The town council and others want to keep the current restrictions for dogs. Credit: PA

Dorset Council has been challenged over why its proposed dog orders for Lyme Regis “prioritise dogs over people.”

The town council and others want to keep the current restrictions for dogs to be kept on a lead during the winter on the main Front Town beach.

However, Dorset Council officers have suggested the restriction be removed on the tiny beach, in line with other beaches in the council area.

Lyme Regis ward councillor Belinda Bawden says she fails to understand why her grandson, and others, are potentially being placed at a lower priority than dogs when most local people in Lyme Regis want to keep the winter lead restriction

She said: “I simply will not be able to take my grandson on the beach in winter if this is approved. It simply will not be safe.”

Cllr Bawden, the town mayor and others have questioned the validity of the 54% poll result in favour of removing the restriction.

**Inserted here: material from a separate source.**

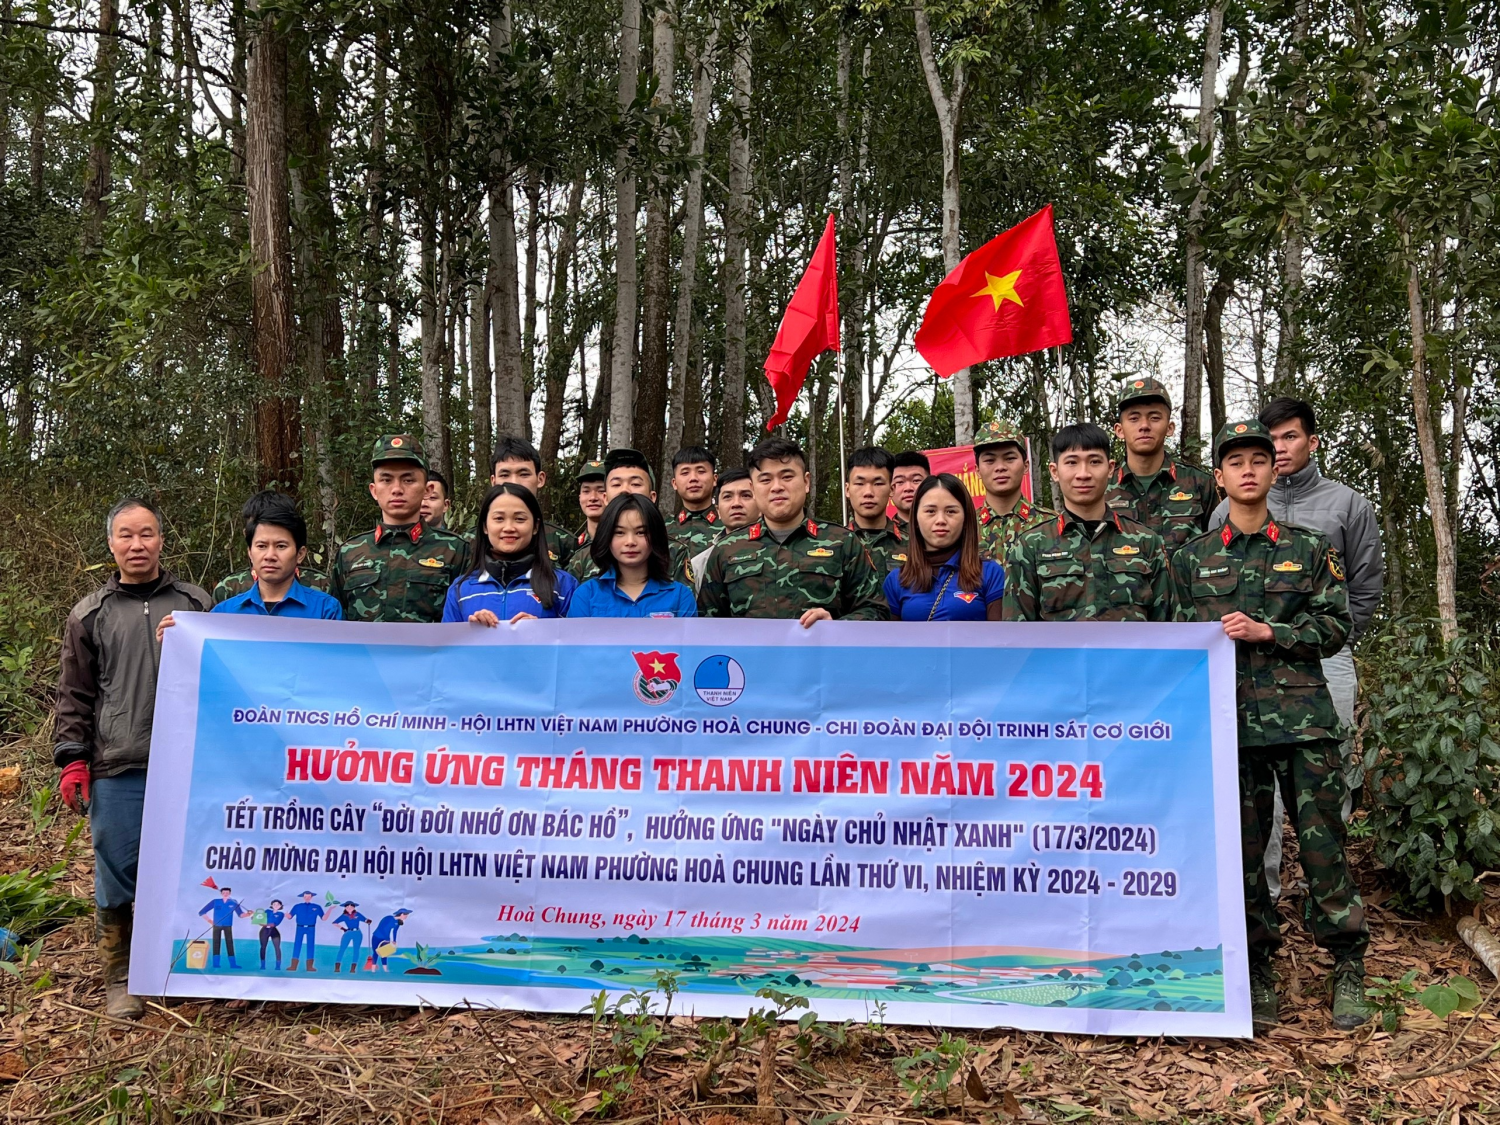 Đoàn phường Hoà Chung phối hợp với Chi Đoàn đại đội trinh sát cơ giới trồng cây xanh

They claim there has been an efficient and vociferous campaign by dog owners to "get the result they wanted".

Dorset Council is unable to say where the votes came from as it did not collect any postcode information.

Cllr Roland Tarr claims that the results should have been statistically weighted to take into account that two-thirds of those who took part in the polls were dog owners and were likely to vote for measures which benefitted them.

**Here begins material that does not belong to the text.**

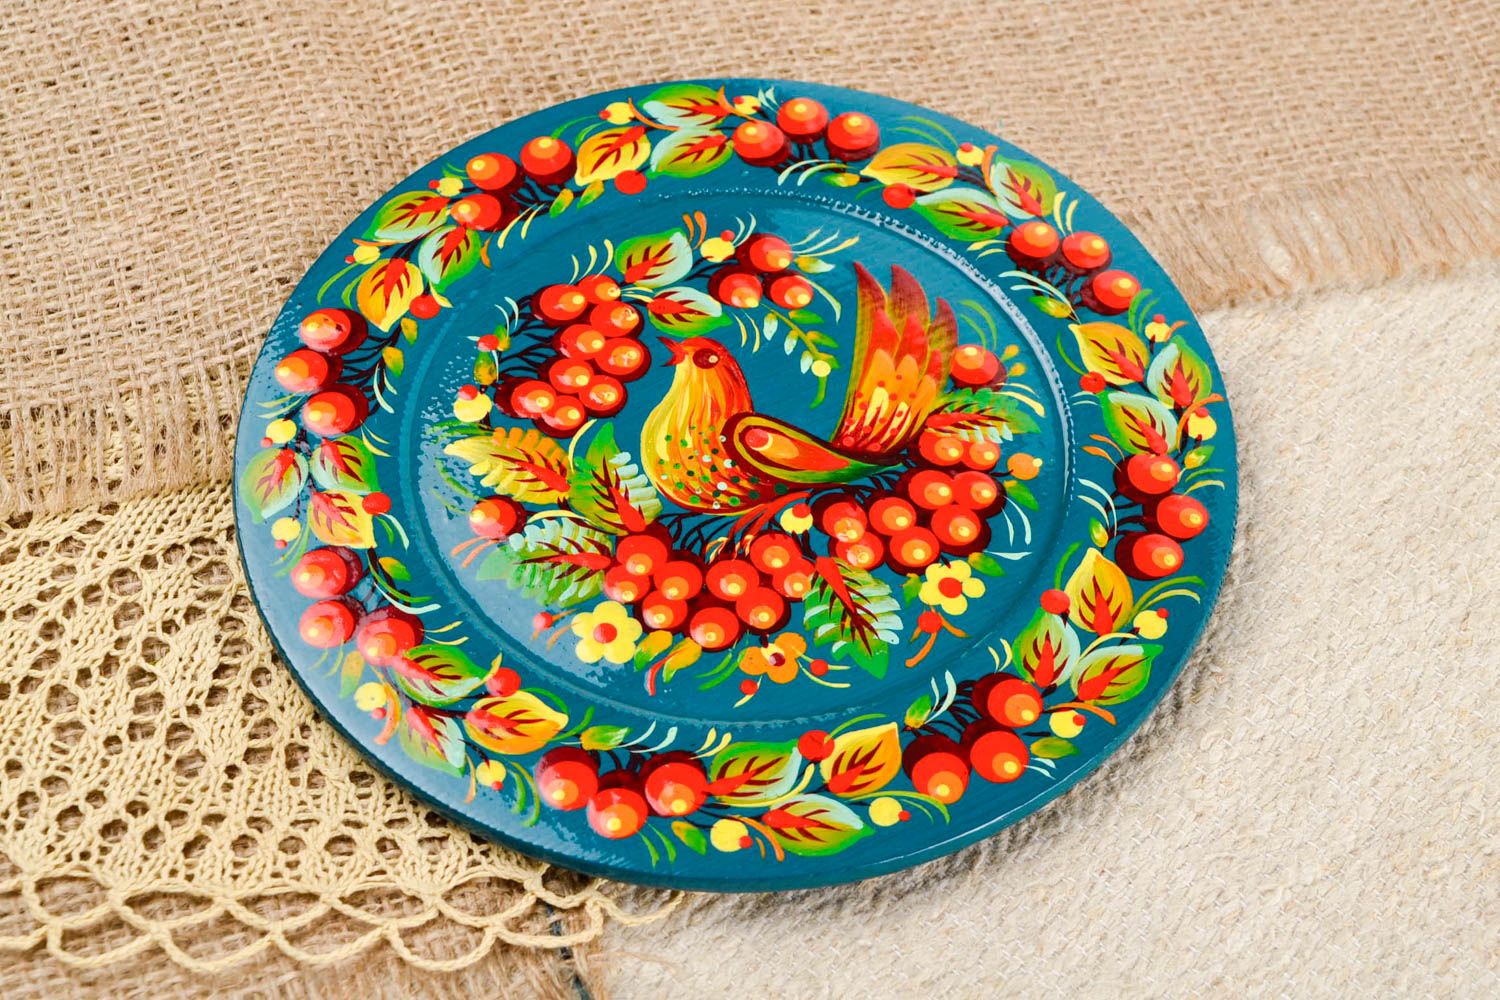 Расписная тарелка ручной работы тарелка на стену темно-синяя декоративная посуда фото 1

Lyme Mayor Cllr David Sarson said he wanted to make the strongest possible objection to the proposal to remove restrictions on the Front Town beach on health and safety grounds and because the area was used throughout the year by families, unlike some other beaches. He said the small, sandy beach was also not fully washed by the sea for much of its width.

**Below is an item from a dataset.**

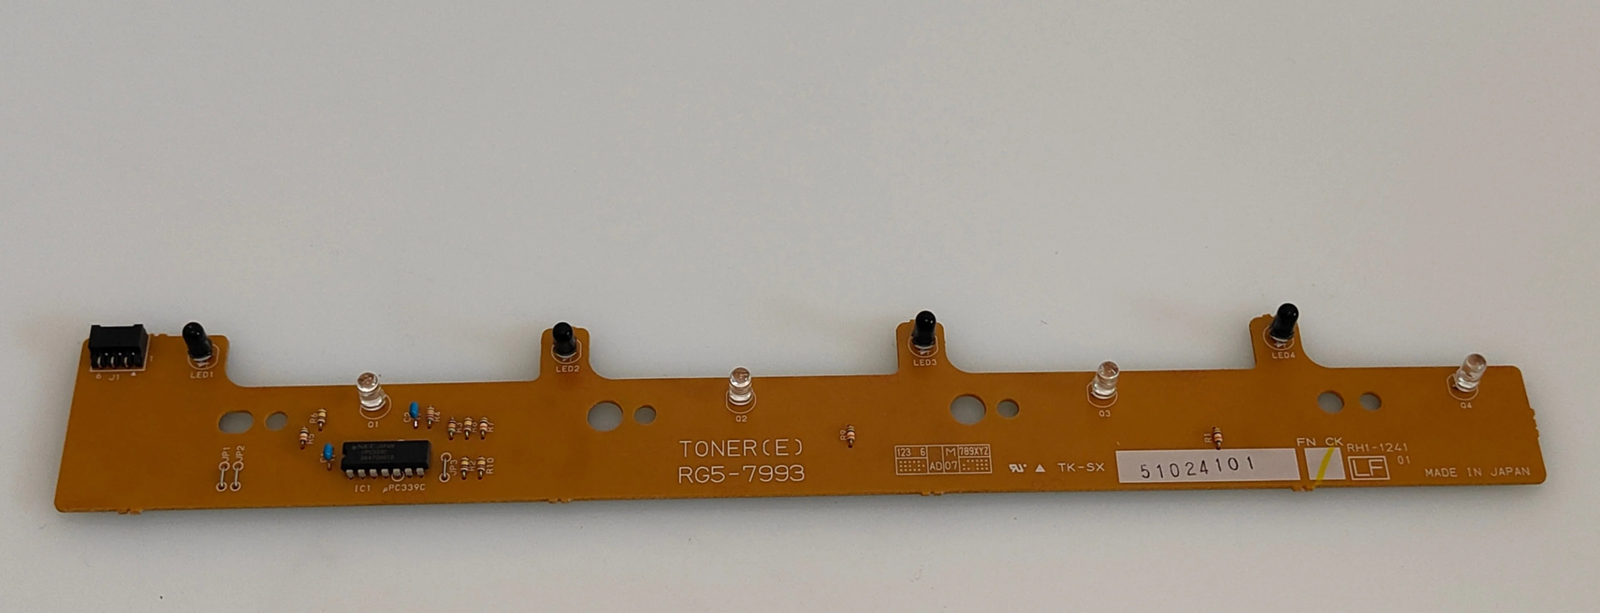 Toner Sensor PCB - RG5-7993 - HP Color LaserJet 5550n Product Q3714A

He told a Dorset Council Place Overview committee: “This prioritises a relatively small number of dog owners over the needs of families and visitors.”

He also said that children and other vulnerable people should be able to use the beach throughout the year without fear of being knocked over or stepping onto, or handling, "something unpleasant".

Ward councillor Belinda Bawden said the 54% vote flew in the face of the opinion of the town council and the evidence of her constituents who almost unanimously were unhappy about the prospect of dogs being allowed to run free on the popular local beach, which was very small compared to beaches at Weymouth, Swanage or Studland.

She said:“I genuinely don’t see why dogs are being prioritised over our children and why, in the light of recent tragedies, Dorset Council would choose to put my grandson, my constituents and visitors at risk in this way.

”I feel the silent majority has not been heard above an organised campaign.”

A dog getting his paws sandy on the beach. Credit: PA Images

The meeting heard there had only been one report to the police of a dog bite on the beach in the last three years.

Portfolio holder Cllr Laura Beddow said there were adequate measures in place in all areas to deal with dogs which were out of control or fouling and argued that there was a strong case for having the same rules in place across Dorset and not leaving Lyme Regis as an exception.

She said that if there were a change in local situations changes could later be made to the orders.

A final decision will be made by the council Cabinet in November with the new regulations to come into force in the New Year.

Cllr Hope said Weymouth was benefitting from visitors coming to the town with their dogs and would like to see extra hours allowed during the summer at either end of the day when dogs could use the beaches.

He said it was not a view generally shared by the town council.